I’ve checked your proposal. I still suggest not taking OPVI way for PyMC4 GSoC. There are a couple of reasons for me to be skeptical about it:
- Implementation was hard and took around a year of continuous development and achieving speed parity with its previous functional implementation (for a very long time we had legacy pm.advi because of performance reasons). For this reason, I see OPVI way to be a dead way. I hardly believe it would be doable in 3 months.
- Given point one is not a concern and PyMC3 OPVI implementation is cristal clear, TF2 lacks core abstractions I relied on during my work on OPVI. Namely, symbolic graph representation,
theano.clone, (easy) vectorized input to graph. Without these tools/properties it would be challenging to “just implement” the concept.

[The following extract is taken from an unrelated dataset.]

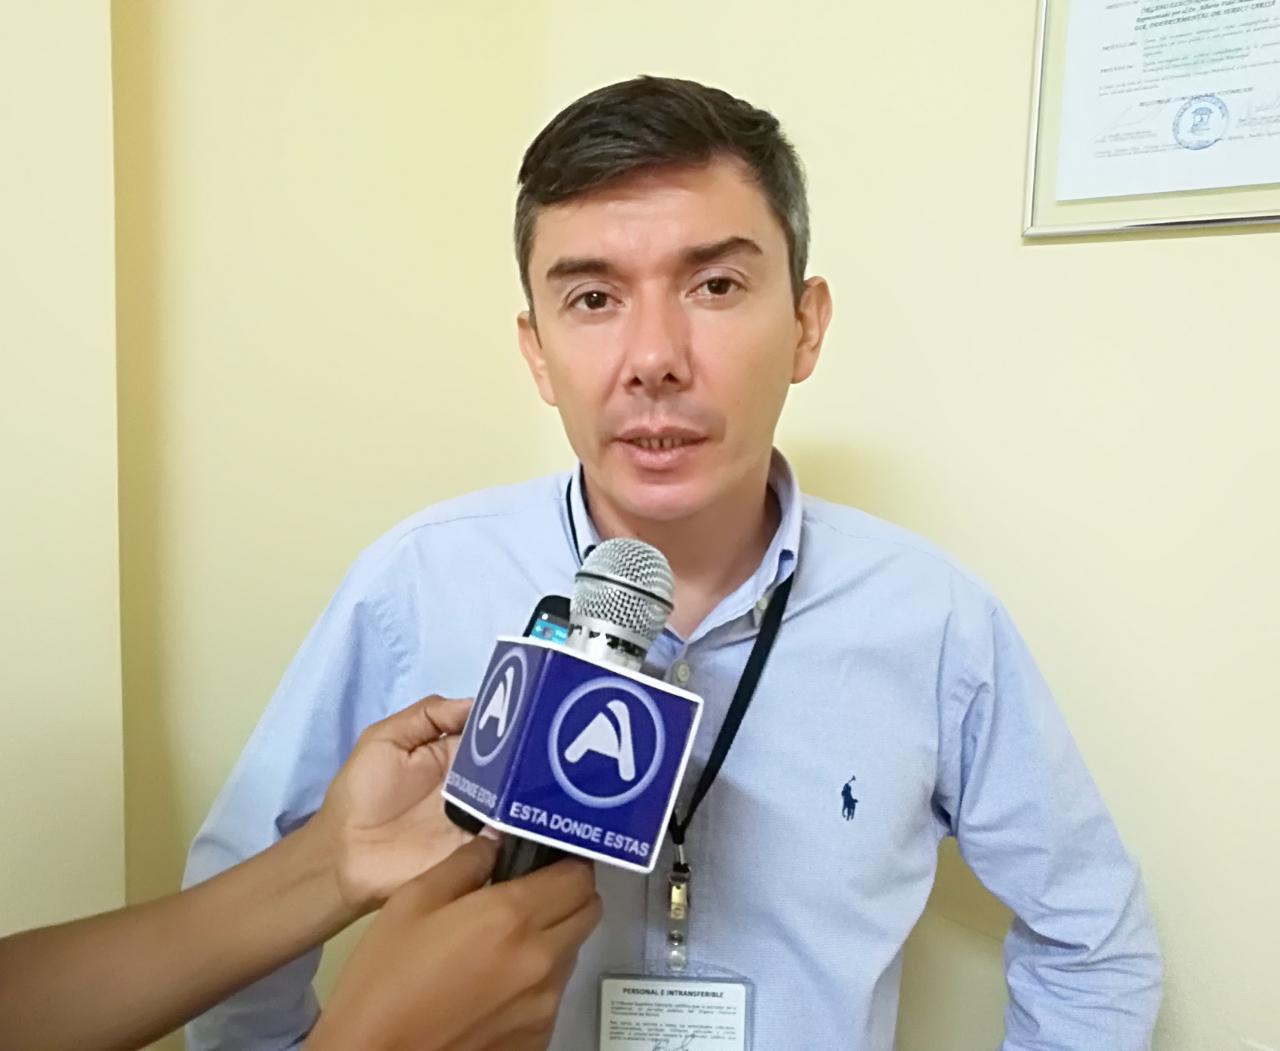 Sereci de Tarija implementará 14 brigadas móviles para el empadronamiento biométrico

- Given the above points are still not a concern, what I doubt, there is yet no need to put a lot of abstractions for the inner implementation. You may see, OPVI in PyMC3 is working more like building blocks for VI (KL, Stein, Amortized). We yet have no blocks in PyMC4. That is why there is still no need for that level of abstractions.
As for PyMC4 project, we need to create a simple API, similar to
pm.fit to provide few VI implementations, such as MeanField/FullRank ADVI. So far, the top abstraction level is an Approximation. And still, TF2 has its caveats, VI implementation will require a sort of graph manipulation which we only can access in a too limited way. I see this level as minimal required to implement VI, but modifications to pm4 Executor and its logic are very likely
I hope we’ll get the need in OPVI, but not in the nearest future. Anyway, Approximation is a part of OPVI and the future work may start out of this milestone (that is a GSoC project).
I suggest rewriting the proposal narrowing the scope for MeanField and FullRank ADVI only.